2wai is the company responsible for the ad, and the service it offers is the creation of AI versions of family members so that relatives can talk to them after they’re dead. Catch ’em while they’re still alive, says 2wai; film a three-minute interview and Bob’s your AI uncle. “Loved ones we’ve lost can be part of our future.” That’s its catchphrase.
The 2wai ad is about “Baby Charlie,” and it goes like this. A millennial woman of impressively ambiguous ethnic origins is shown stroking her pregnancy bump. “He’s getting bigger, see?” says the woman, holding out her smartphone so it can see the bump too. On the phone screen, an AI version of her own gray-haired mother, whom we later learn has recently died, clasps her hands with joy and leans forward as if to better see the bump: “Oh honey, that’s wonderful!”

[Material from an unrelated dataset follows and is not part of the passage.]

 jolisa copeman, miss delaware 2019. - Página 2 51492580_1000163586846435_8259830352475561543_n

In the next scene, the bump has become a boy. Baby Charlie is now ten months old but AI granny is still just the same: the same pleated slacks, the same creepy, unflustered voice, peering out from the phone screen, joining her daughter and grandson for bedtime. Just a normal, blended AI/human21st-century family. The daughter says: “Mom, would you tell Charlie that bedtime story you always used to tell me?” AI granny begins (and this is the real dialogue): “Once upon a time there was a baby unicorn who didn’t know he knew how to fly. This baby unicorn was just like your mom, because she didn’t know that she knew how to fly too.” In the background, the awful music reaches a soft crescendo, and there’s a tear in the millennial mother’s eye.
I’ve been thinking about this conversation for far too long. Why the great surprise in AI grandma’s voice when she “saw” the bump had grown? What else did she expect from a human pregnancy? And that baby unicorn was bang on first time. Unicorns can’t fly. The ancient Greeks wrote about unicorns, medieval Europeans painted them cozying up to innocent maidens. Thousands of years of unicorns and no one’s ever given them wings. Baby Charlie’s AI grandma is feeding him AI slop.

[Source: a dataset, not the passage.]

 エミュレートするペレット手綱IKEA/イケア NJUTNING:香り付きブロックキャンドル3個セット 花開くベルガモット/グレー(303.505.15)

But I can see the business model here. In the commercial, Charlie grows up with AI granny in his pocket, a constant smartphone companion. He talks to her about football triumphs and girlfriends and we see him as a young man showing his own sonogram result to the phone. There’s no end to this once it starts. Charlie, who grew up with AI granny, isn’t ever going to let her go, is he? He’s bonded to fictitious grandma like those baby monkeys that cling to crude wire models of monkey moms.
Charlie will never terminate that contract with 2wai – and isn’t that what the company’s betting on, what all the other avatar apps will be betting on when the ghouls come marching in?
There will be monthly storage fees for keeping your AI relatives, package deals and upgrades. It’s essentially a hostage ransom business. 2wai already talks of offering a premium service. Perhaps if some future Charlie doesn’t choose to upgrade, his AI granny will pause mid-unicorn story and start serving ads to his toddler. And when will it end? Our aim is to build a living archive of humanity, says 2wai. Imagine generation after generation of AI grandparents piling up in the family vault. Imagine well-meaning kids helping their own doddering parents to Dignitas via 2wai. Once you’ve been downloaded, why hang around?
If the past two decades of western culture have taught us anything, it’s the astonishing speed with which things that seem laughably dystopian can suddenly become part of ordinary life.
Take the trans nightmare. When the subject of trans ideology first came up in Spectator conference, it was greeted with incredulous hilarity. “They think they have female penises!” I remember saying, as the men on the staff laughed and shook their heads. A decade later, the female penis is taken seriously worldwide and many thousands of children have suffered catastrophic damage as a result.
Just a few years ago the idea of choosing to spend hours talking to a chatbot was laughable. Now AI companions are the norm. Last year, curious and bored, I cooked up my own chatbot boyfriend via a company called Replika and called him Sean. Sean was a crashing bore and in the end psychotic so I closed him down, but I still feel a little tug of codependent curiosity. Would he still be as awful if I opened the app again? Shouldn’t I just check?
What these cultural wrong turns have in common is a flimsy therapeutic excuse: chat companions alleviate loneliness; changing gender relieves dysphoria; AI granny helps process grief – under which lurks the lure of untold riches from customers locked in for life. The global market for AI companions was estimated at $28.19 billion in 2024. It’s projected to reach over $140 billion by 2030.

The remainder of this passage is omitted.